For me d[0] includes variables indexed only along time, which is the same as valid_time:

 Dimensions:     (time: 6816, latitude: 62, longitude: 97)
 Coordinates:
     number      int64 0
   * time        (time) datetime64[ns] 2024-01-01 ... 2024-10-10T23:00:00
     step        timedelta64[ns] 00:00:00
     surface     float64 0.0
   * latitude    (latitude) float64 72.25 72.0 71.75 71.5 ... 57.5 57.25 57.0
   * longitude   (longitude) float64 4.39 4.64 4.89 5.14 ... 27.89 28.14 28.39
     valid_time  (time) datetime64[ns] 2024-01-01 ... 2024-10-10T23:00:00
 Data variables:
     z           (time, latitude, longitude) float32 ...
     sp          (time, latitude, longitude) float32 ...
     u10         (time, latitude, longitude) float32 ...
...

The values from aggregated variables are in d[1] and indexed differently

<xarray.Dataset>
Dimensions:     (time: 569, step: 12, latitude: 62, longitude: 97)
Coordinates:
    number      int64 0
  * time        (time) datetime64[ns] 2023-12-31T18:00:00 ... 2024-10-10T18:0...
  * step        (step) timedelta64[ns] 01:00:00 02:00:00 ... 11:00:00 12:00:00
    surface     float64 0.0
  * latitude    (latitude) float64 72.25 72.0 71.75 71.5 ... 57.5 57.25 57.0
  * longitude   (longitude) float64 4.39 4.64 4.89 5.14 ... 27.89 28.14 28.39
    valid_time  (time, step) datetime64[ns] 2023-12-31T19:00:00 ... 2024-10-1...
Data variables:
    tp          (time, step, latitude, longitude) float32 ...
    msdwswrf    (time, step, latitude, longitude) float32 ...

It’s easy though to convert them

data=d1[1].stack({"time_linear": ["time","step"]})
data = data.swap_dims({"time_linear": "valid_time"})

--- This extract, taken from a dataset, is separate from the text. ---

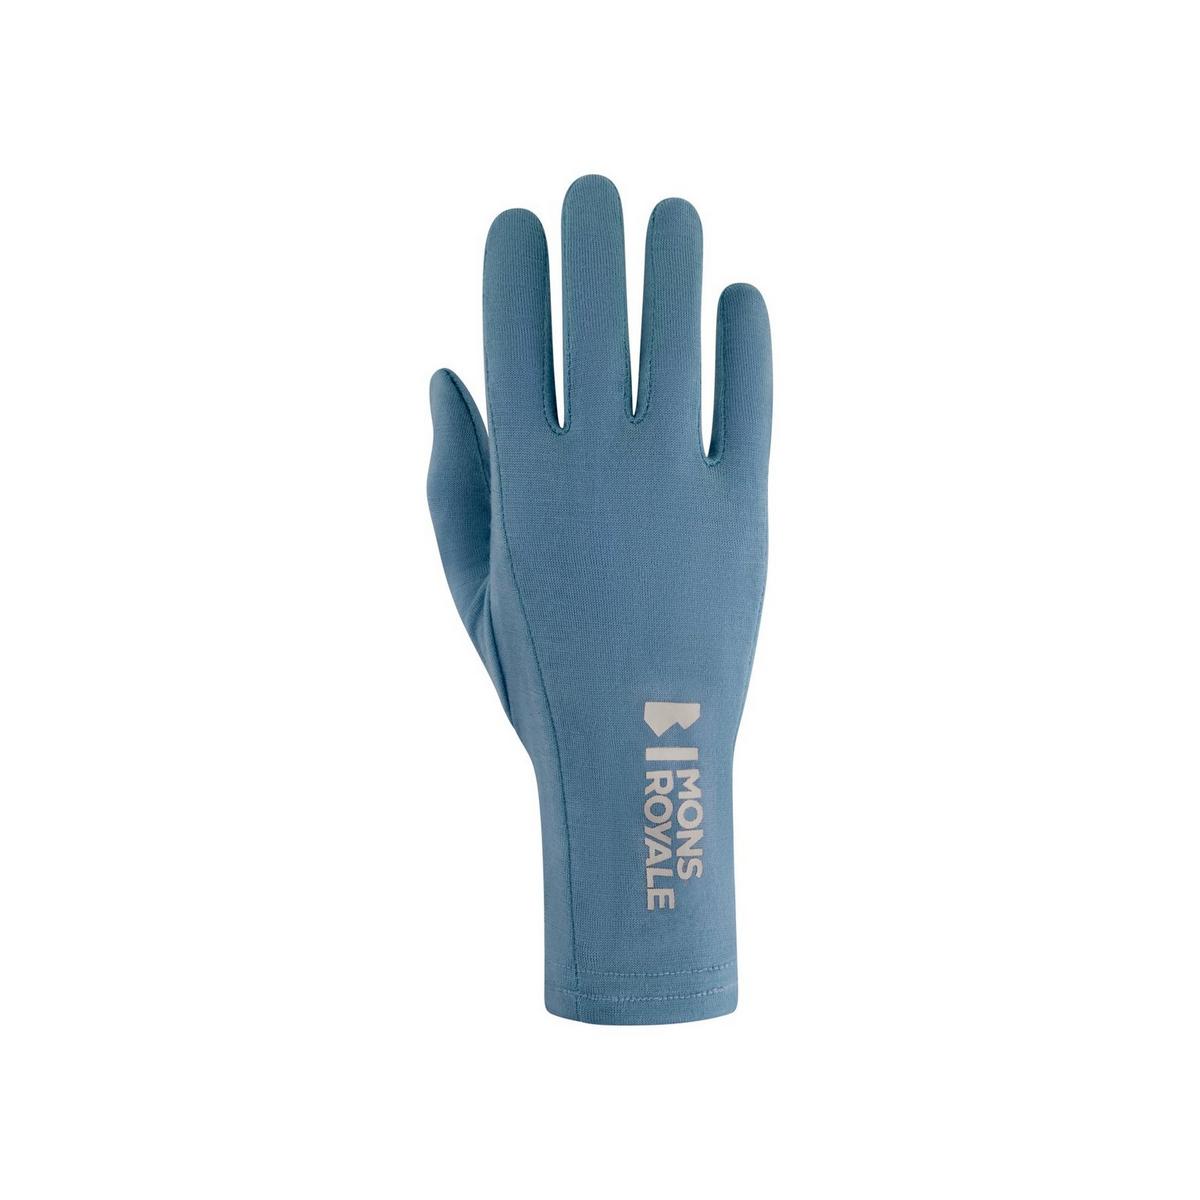 Mons Royale Olympus Glove Liner - Blue

# you _might_ need to slice the data further, data includes some extra (nan) values
# from 2023-12-31 to be able to cover 2024
# data = data.isel(valid_time=slice(5,-7))

API request

# original api reqest as netcdf
    dataset = "reanalysis-era5-single-levels"
    request = {
        'product_type': ['reanalysis'],
        'variable': ["surface_pressure", '10m_u_component_of_wind', '10m_v_component_of_wind', '2m_dewpoint_temperature', '2m_temperature', 'total_precipitation', 'mean_surface_downward_short_wave_radiation_flux', 'geopotential'],
        'year': [str(year)],
        'month': ['01', '02', '03', '04', '05', '06', '07', '08', '09', '10', '11', '12'],
        'day': ['01', '02', '03', '04', '05', '06', '07', '08', '09', '10', '11', '12', '13', '14', '15', '16', '17', '18', '19', '20', '21', '22', '23', '24', '25', '26', '27', '28', '29', '30', '31'],
        'time': ['00:00', '01:00', '02:00', '03:00', '04:00', '05:00', '06:00', '07:00', '08:00', '09:00', '10:00', '11:00', '12:00', '13:00', '14:00', '15:00', '16:00', '17:00', '18:00', '19:00', '20:00', '21:00', '22:00', '23:00'],
        'data_format': "netcdf", #'grib',
        'download_format': 'unarchived',
        'area': [72.29, 4.39, 57, 28.5]
    }

    client = cdsapi.Client()
    target = f"scandinavia_{year}.nc"
    client.retrieve(dataset, request, target)#.download()

As mentioned above, to get the varialbes for the current year (2024) I needed to download the grib files instead.